We have reclassified certain amounts in the 2014 consolidated balance sheet to conform to the 2015 presentation relating to the presentation of deferred taxes and debt issuance costs. Both reclassifications are a result of recently adopted accounting pronouncements. See Note 2, "Significant Accounting Policies," for further information.
Use of Estimates
The preparation of consolidated financial statements in conformity with U.S. generally accepted accounting principles requires management to make estimates and assumptions that affect the reported amounts of assets and liabilities.
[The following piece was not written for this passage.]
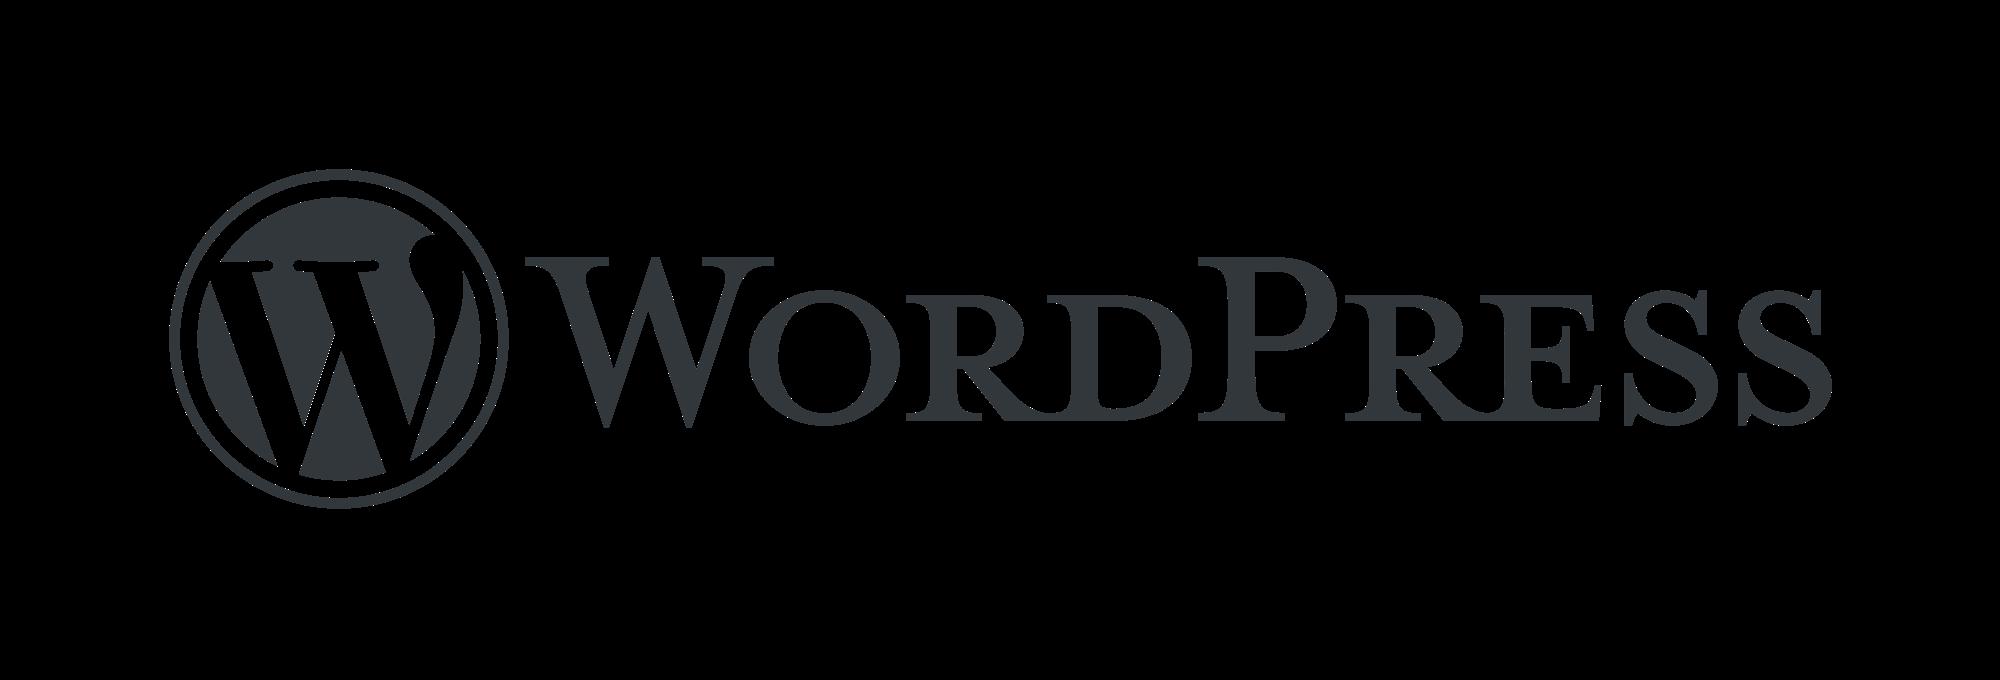 Das WordPress-Logo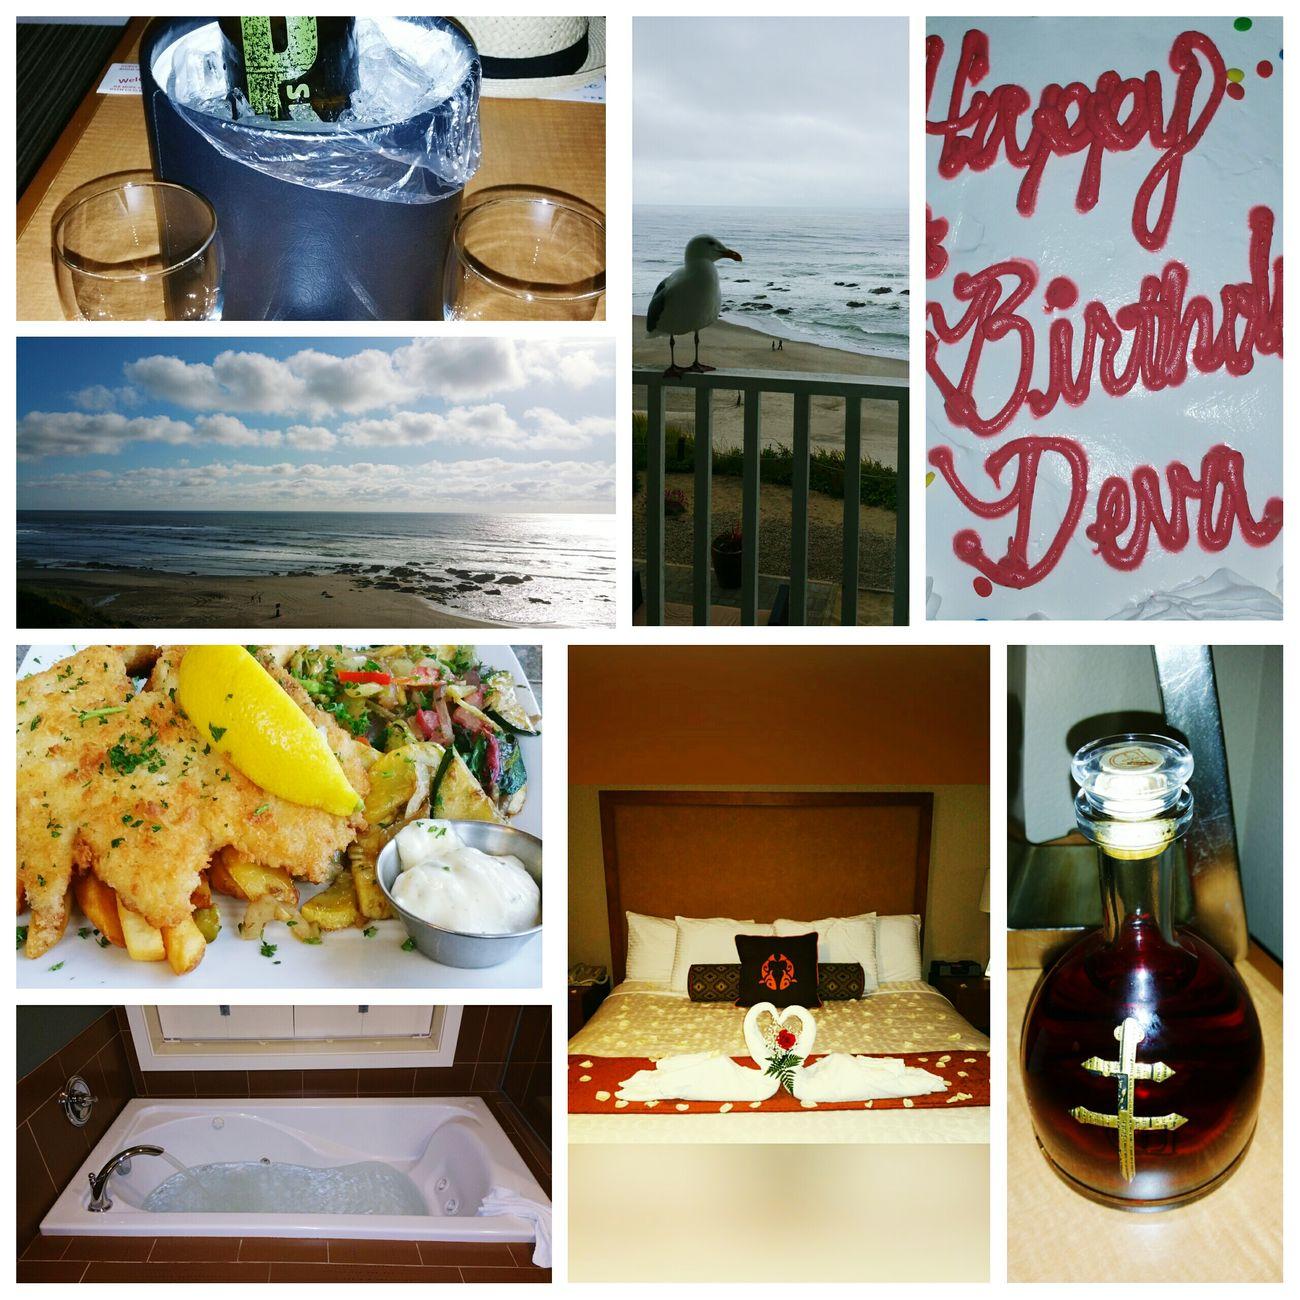 Birthday Behavior

Estimates also affect the reported amounts of revenues and expenses during the reporting period. Actual results could differ from these estimates. Principal areas requiring the use of estimates include:
The determination of medical claims and benefits payable of our Health Plans segment;
Health plan contractual provisions that may limit revenue recognition based upon the costs incurred or the profits realized under a specific contract;
Health plan quality incentives that allow us to recognize incremental revenue if certain quality standards are met;
Molina Medicaid Solutions segment revenue and cost recognition;
Settlements under risk or savings sharing programs;
The assessment of deferred contract costs, deferred revenue, long-lived and intangible assets, and goodwill for impairment;
The determination of professional and general liability claims, and reserves for potential absorption of claims unpaid by insolvent providers;
The determination of reserves for the outcome of litigation;
The determination of valuation allowances for deferred tax assets; and
The determination of unrecognized tax benefits.